In this blog post, I will discuss an interesting topic in data mining, which is the topic of sequential rule mining. It consists of discovering rules in sequences. This data mining task has many applications for example for analyzing the behavior of customers in supermarkets or users on a website.
Introduction
Before, discussing this topic, let me talk a little bit about the context. There has been a lot of work in the field of data mining about pattern mining . The goal of pattern mining is to discover useful, novel and/or unexpected patterns in databases. In this blog post, we will be interested by a specific type of database called sequences databases. A sequence database contains some sequences. For example, consider the following database:
This database contains four sequences named seq1, seq2, seq3 and seq4. For our example, consider that the symbols “a”, “b”, “c”, d”, “e”, “f”, “g” and “h” respectively represents some items sold in a supermarket. For example, “a” could represent an “apple”, “b” could be some “bread”, “c” could denote “cake”, etc.
Now, a sequence is an ordered list of sets of items. For our example, we will assume that each sequence represents what a customer has bought in our supermarket over time. For example, consider the second sequence “seq2”. This sequence indicates that the second customer bought items “a” and “d” together, than bought item “c”, then bought “b”, and then bought “a”, “b”, “e” and “f” together.
Sequences are a very common type of data structures that can be found in many domains such as bioinformatics (DNA sequence), sequences of clicks on websites, the behavior of learners in e-learning, sequences of what customers buy in retail stores, sentences of words in a text, etc.

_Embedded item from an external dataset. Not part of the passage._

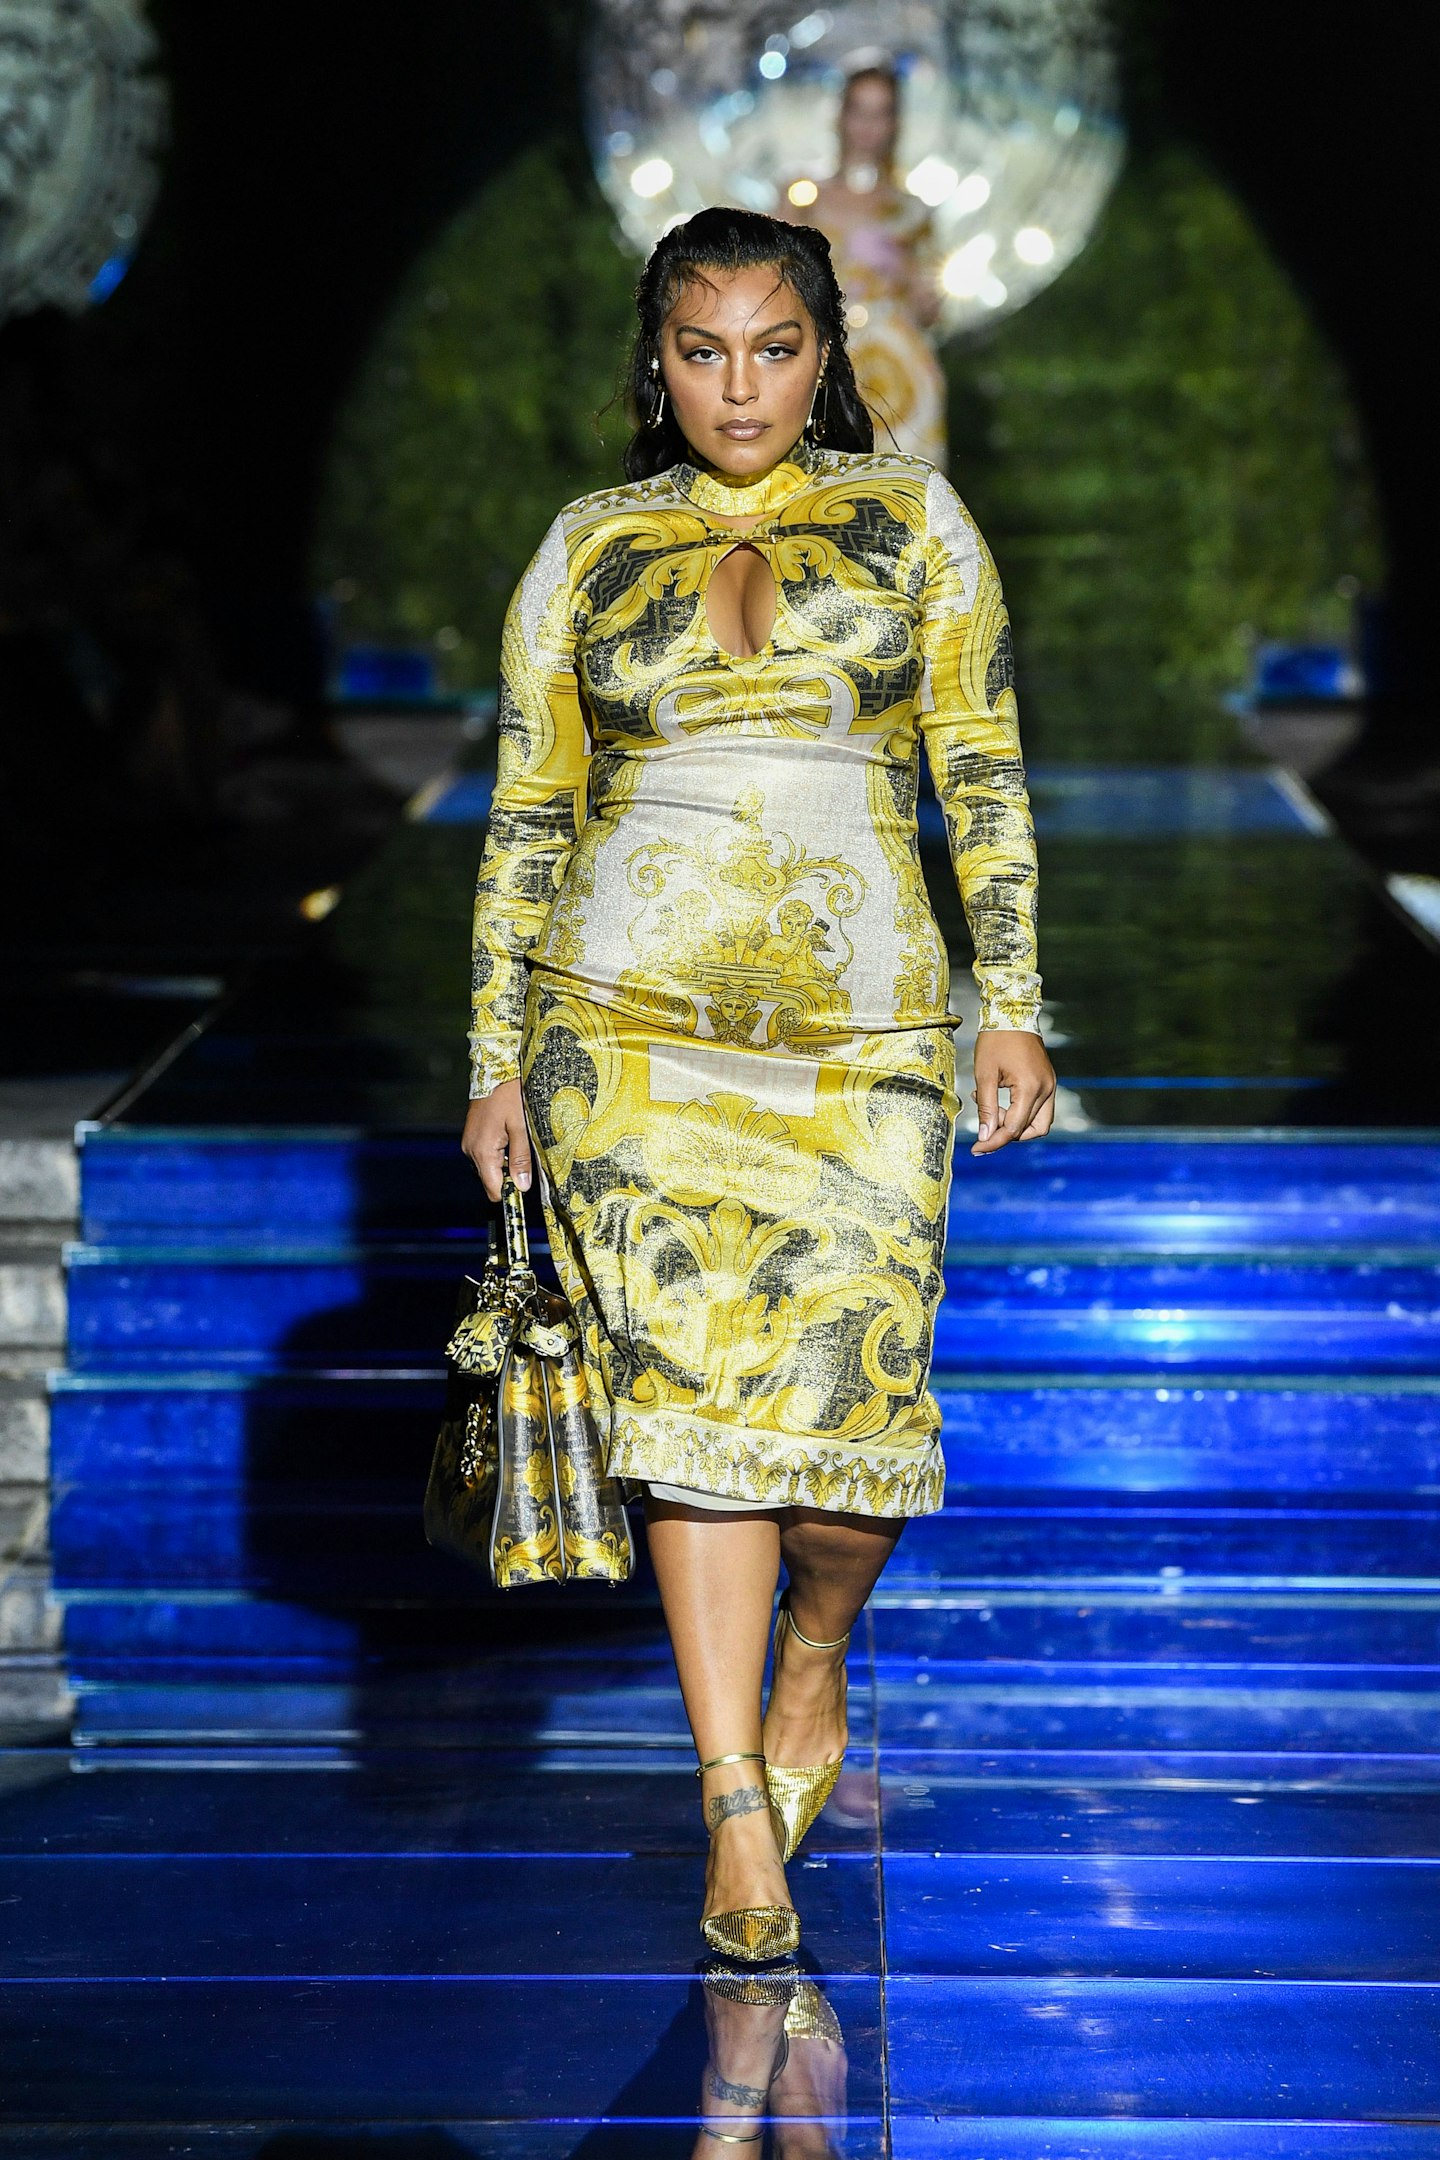 Paloma Elsesser on the catwalk at Versace by Fendi

It is to be noted that sequence can be ordered by time or other properties (e.g. the order of nucleotides in a DNA sequence).

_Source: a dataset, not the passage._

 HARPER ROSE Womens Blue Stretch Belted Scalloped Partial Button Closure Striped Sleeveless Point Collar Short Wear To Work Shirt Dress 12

Discovering sequential patterns in sequences
An important data mining problem is to design algorithm for discovering hidden patterns in sequences. There have been a lot of research on this topic in the field of data mining and various algorithms have been proposed.
In the following, Iwill discuss two types of patterns that can be found. I will first discuss sequential patterns. Then, I will explain some of their limitations and then discuss sequential rules.
A sequential pattern is a subsequence that appear in several sequences of a database. For example, the sequential pattern <{a}{c}{e}> appears in the two first sequences of our database. This pattern is quite interesting. It indicates that customers who bought {a}, often bought {c} after, followed by buying {e}. Such a pattern is said to have a support of two sequences because it appears in two sequences from the database. Several algorithms have been proposed for finding all sequential patterns in a database such as CM-SPADE, PrefixSpan and GSP. These algorithms takes as input a sequence database and a minimum support threshold (minsup). Then, they will output all sequential patterns having a support no less than minsup. Those patterns are said to be the frequent sequential patterns.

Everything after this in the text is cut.